China's parliament has published a draft cybersecurity law that consolidates Beijing's control over data, with potentially significant consequences for internet service providers and multinational firms doing business in the country.
The document strengthens user privacy protection from hackers and data resellers but elevates the government's powers obtain records on and block dissemination of private information deemed illegal under Chinese law.
Citing the need "to safeguard national cyberspace sovereignty, security and development," the proposed legislation will allow China to bolster its networks against threats to stability and better regulate the flow of information.
Earlier in July, China's largely rubber stamp parliament passed a sweeping national security law that tightened government control in politics, culture, the military, the economy, technology and the environment.

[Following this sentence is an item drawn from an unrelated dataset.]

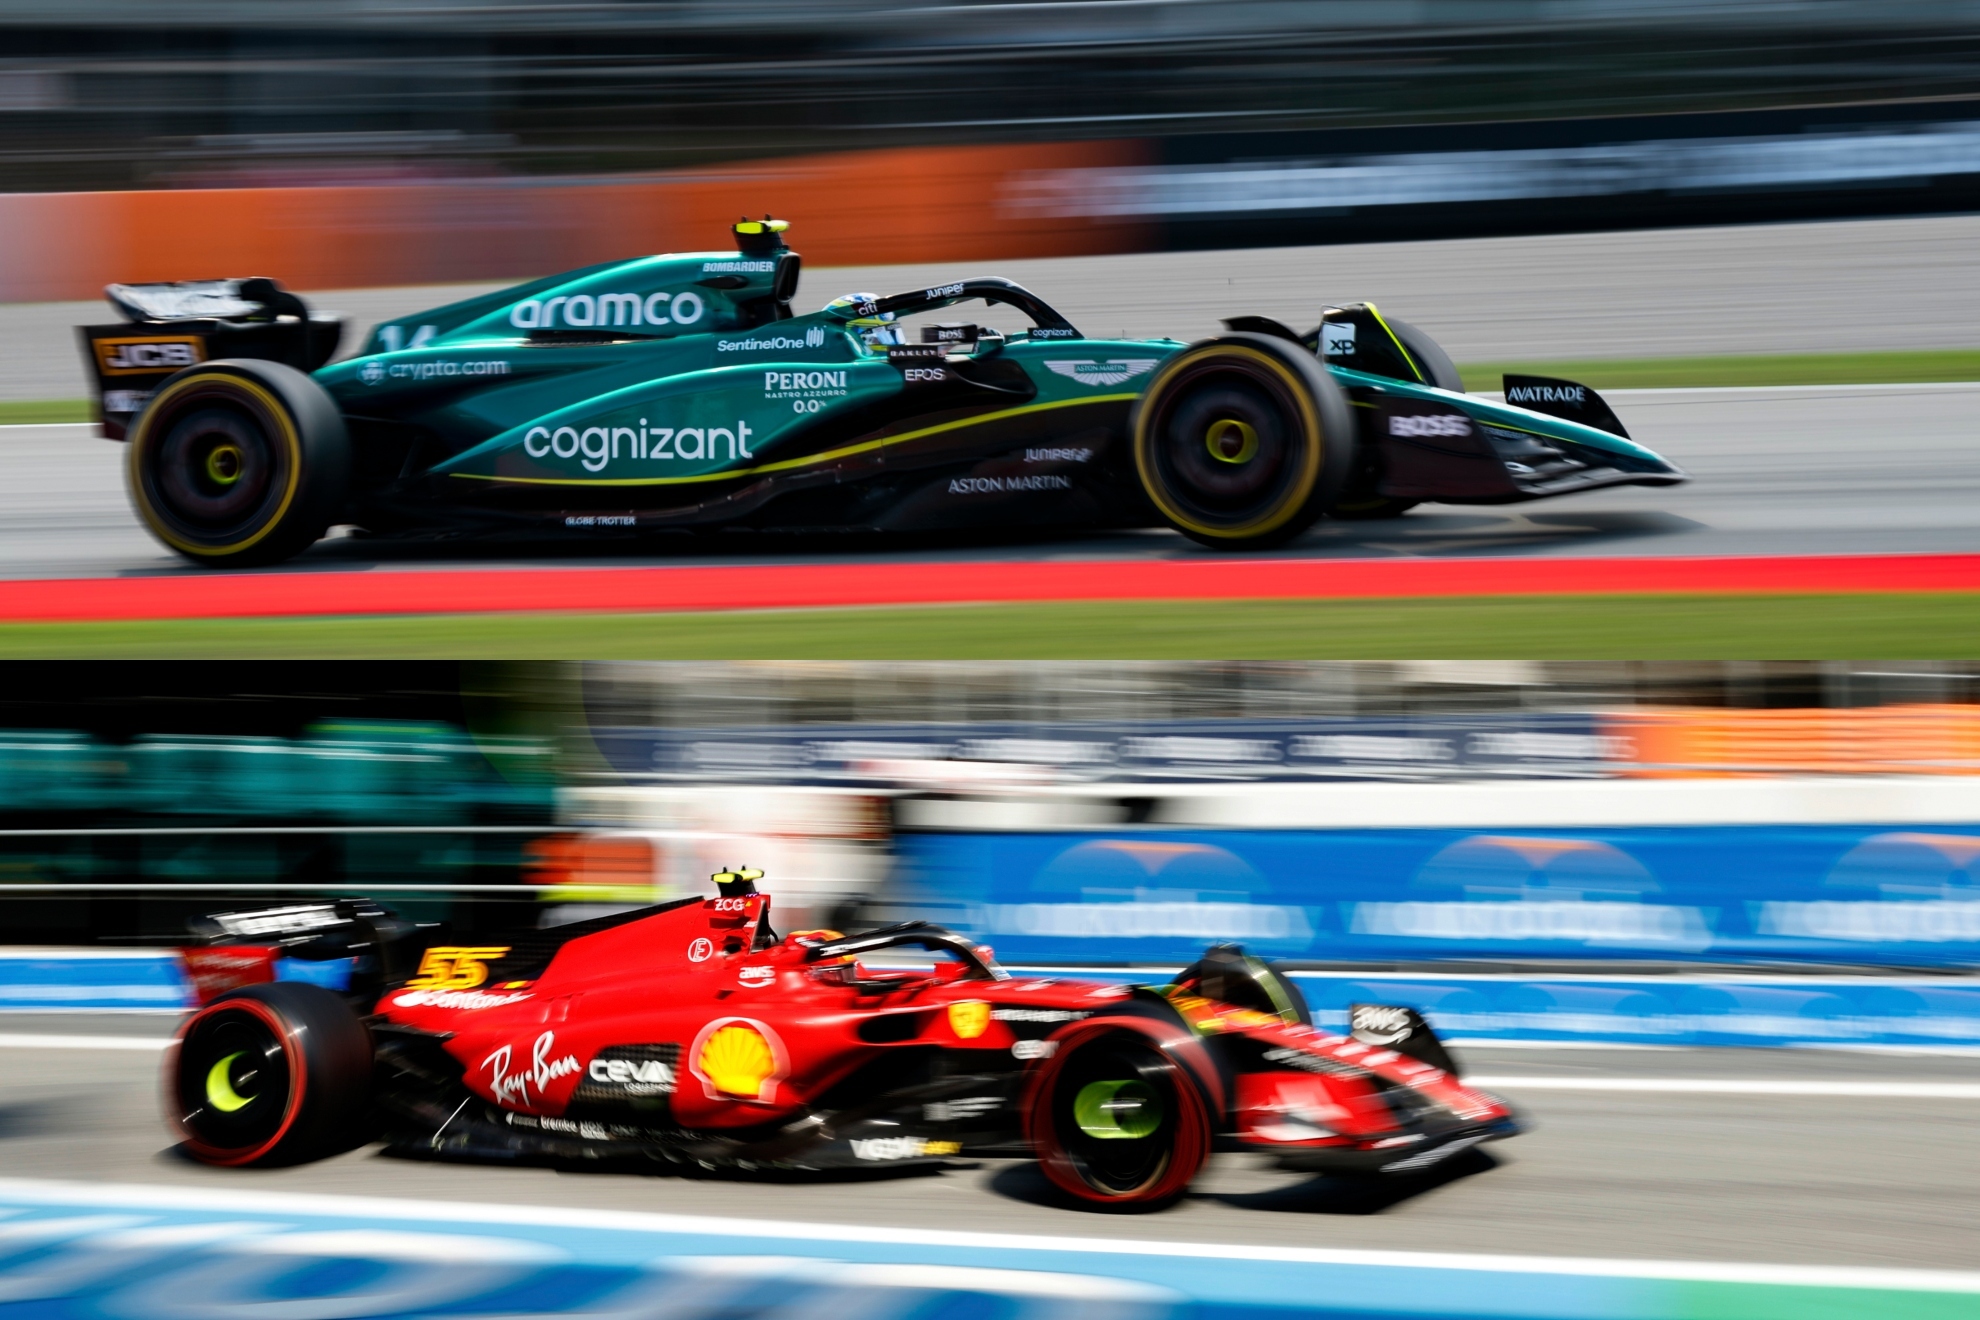 Clasificación y parrilla del Gran Premio de España de Fórmula 1: Verstappen pole, Sainz 2º y Fernando Alonso 9º

But cybersecurity has been a particularly irksome area in relations with economic partners like the United States and the European Union, which see many recently proposed rules as unfair to foreign firms.
Joerg Wuttke, president of the European Union Chamber of Commerce in China, said the business lobby was still reviewing the draft law but that it was "worried."
"The chief concern is that, as with many Chinese laws, the language is vague enough to make it unclear how the law will be enforced," Wuttke said.
Under the draft law, internet service providers must store data collected within China on Chinese territory; data stored overseas for business purposes must be government-approved. Network equipment must also be approved under testing standards issued by China's cabinet.
The government also reiterated its longstanding objective of requiring internet users to log in with their real names to services like messaging apps - though such drives have failed in the past.
The parliament said government agencies would issue additional guidelines for network security in "critical industries" such as telecoms, energy, transport, finance, national defense and military matters, and government administration.
Parliament will take feedback on the proposed legislation until early August, and it will likely undergo a series of readings and possible adjustments before being adopted.
Nicholas Bequelin, East Asia Director at Amnesty International, said the draft law would institutionalize censorship practices that were not explicitly formulated before.
Article 50, for example, would give authorities the legal power to cut area-wide internet access to maintain order in the case of "sudden" incidents, much as it did for 10 months in 2009 after nearly 200 people died in ethnic riots in Urumqi, the capital of the western region of Xinjiang.